I think in Belgium too, they used to go to school on saturdays, but that's a long time ago
nowadays, school is from monday till friday (8am till 4pm, approximately ; exception for wednessday, from 8am till 12am)


----------



## Abbassupreme

I think there's school on EVERY day of the week save for Friday in Iran.


----------



## Kajjo

It's Monday till Friday in Germany -- and that is enough. Family interaction is also important for children, I believe.

Kajjo


----------



## tvdxer

SaritaSarang said:


> At my school you might go to school on a Saturday during the summer to make up a class you missed too many days in, but for sure you can get " Saturday School"  if you get into trouble, which requires you to go in for a while on a Saturday to serve some time.

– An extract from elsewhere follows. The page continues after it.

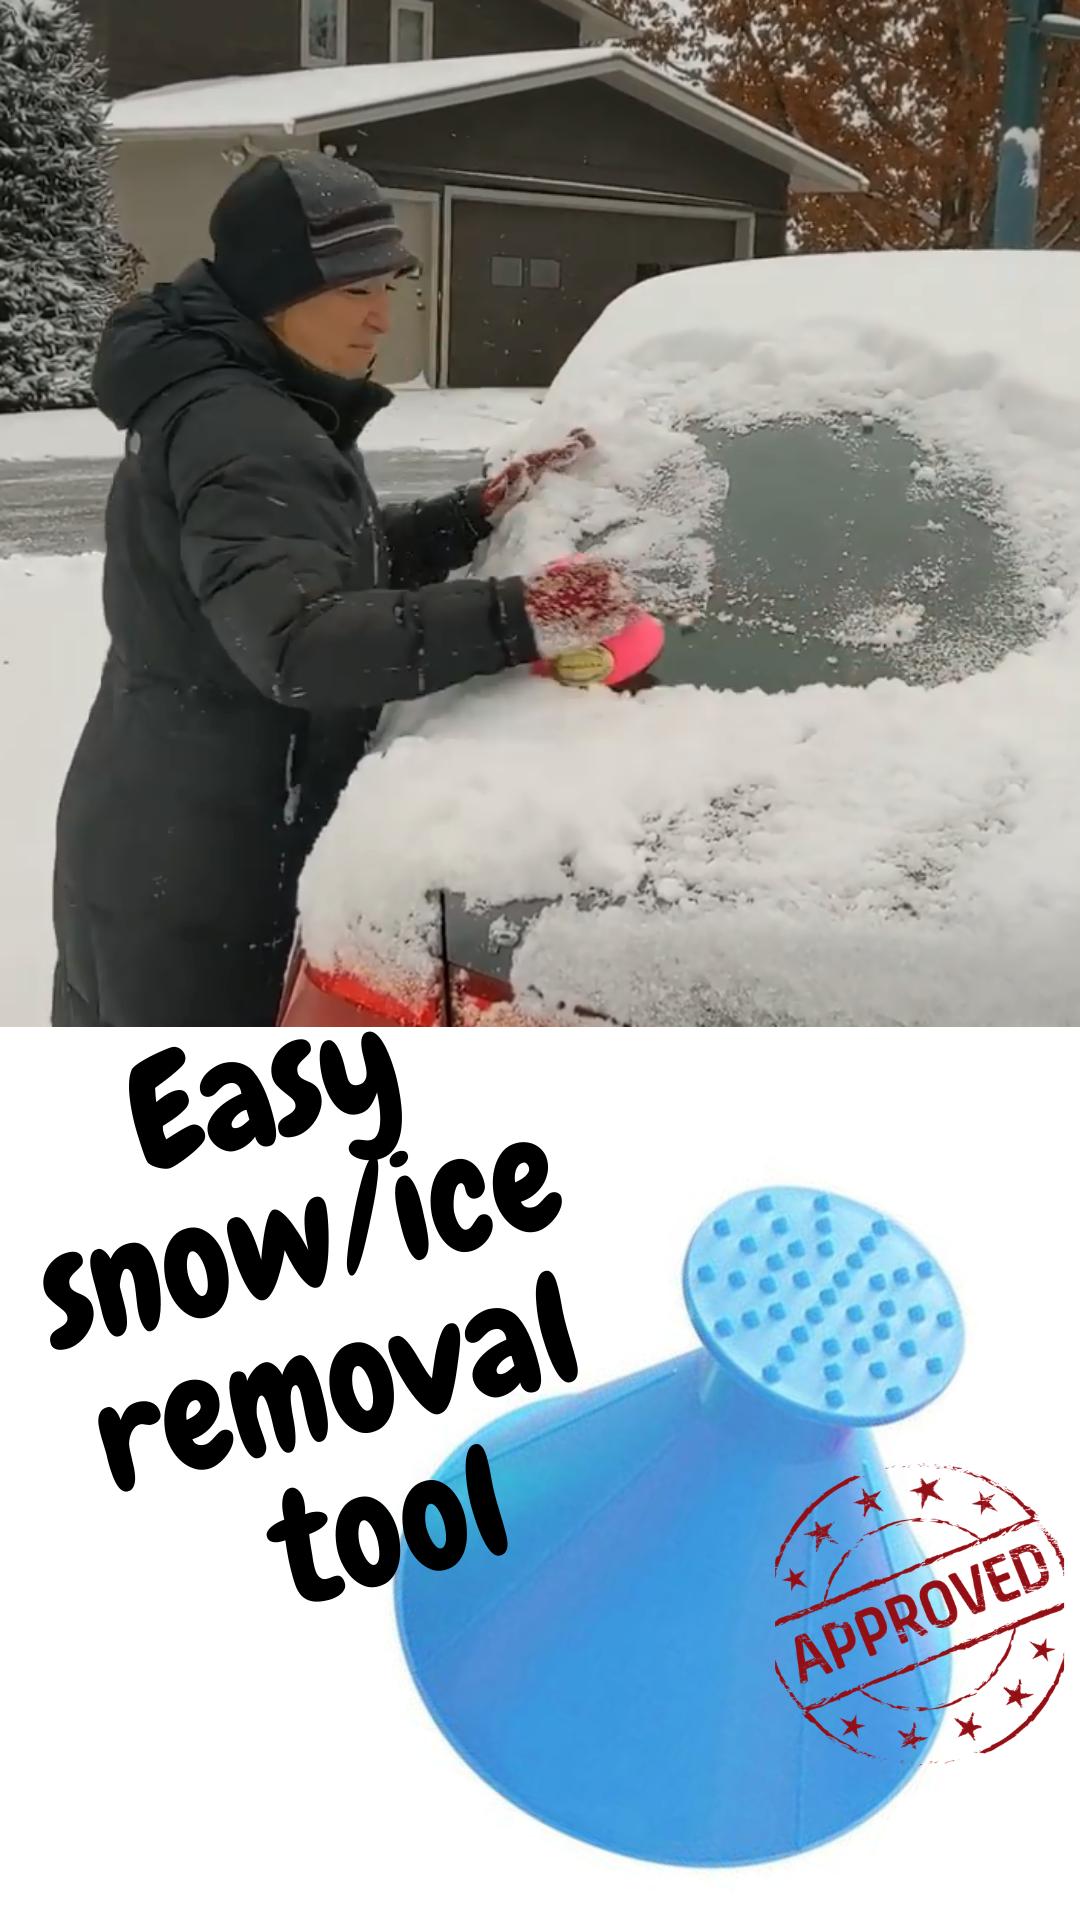 Cone Snow Removal Tool Round Ice Scraper Windshield Ice Scraper for Car Snow Removal

The same here, except not sure about the summer thing.


----------



## Lugubert

Hakro said:


> I went to school every Saturday but it was a long time ago. Nowadays Finnish children don't go to school on Saturdays. I'm not sure but I think that Saturday was dropped in the end of the sixties.


bla bla Swedish bla bla fifties.


----------



## chaquira16

Lamento no entender bien el inglés, espero que me ayudéis a participar en español.
 Deduzco de lo poco que entiendo que la mayoría de los países de los foristas hay clase los sábados, según en qué niveles.
¿Alguien puede orientarme por si voy mal encaminada?
Me gustaría opinar.
Gracias anticipadas.
Saludos
Carmen


----------



## Lugubert

Sorry; I should perhaps have been more explicit. To clarify: the way I remember it, Sweden stopped Saturday classes in the 1950's, on all levels. If I remember the preceding pages correctly, most schools on all levels anywhere don't teach on Saturdays.


----------



## jonquiliser

chaquira, parece que en la mayoría de los países mencionados no hay clase los sábados, aunque en algunos sí (sobre lo que algunos por cierto han expresado descontento profundo).


----------



## srta chicken

Quisiera aclarar que en los EU, las clases los sábados siguen muy en vigor (o "rigor," se me olvidó la expresión), epecialmente para niños asiáticos (cuando la meta es la transmisión de cultura) y para quien necesite ayuda académica adicional, en las escuelas urbanas.


----------



## gabrigabri

Pirlo said:


> An Italian friend of mine, she told me that they attend school on Saturday, however their days finish at about 1PM (I cannot remember the exact time) rather than a full day, which is observed in Australia (We go to school from 8:45-15.25)




Hi!

I went to school on Saturday, in Italy it is normal (not for little children!), because we finished at 1 PM (or 2). Somebody wanted to stop this thing, and stay longer on other days, but I don't think it is good. It wasn't a problem for me to go on Saturday since I had every afternoon for me (not at school!).


----------



## dn88

Nowadays in Poland children do not attend school on Saturday.


----------



## min300

Abbassupreme said:


> I think there's school on EVERY day of the week save for Friday in Iran.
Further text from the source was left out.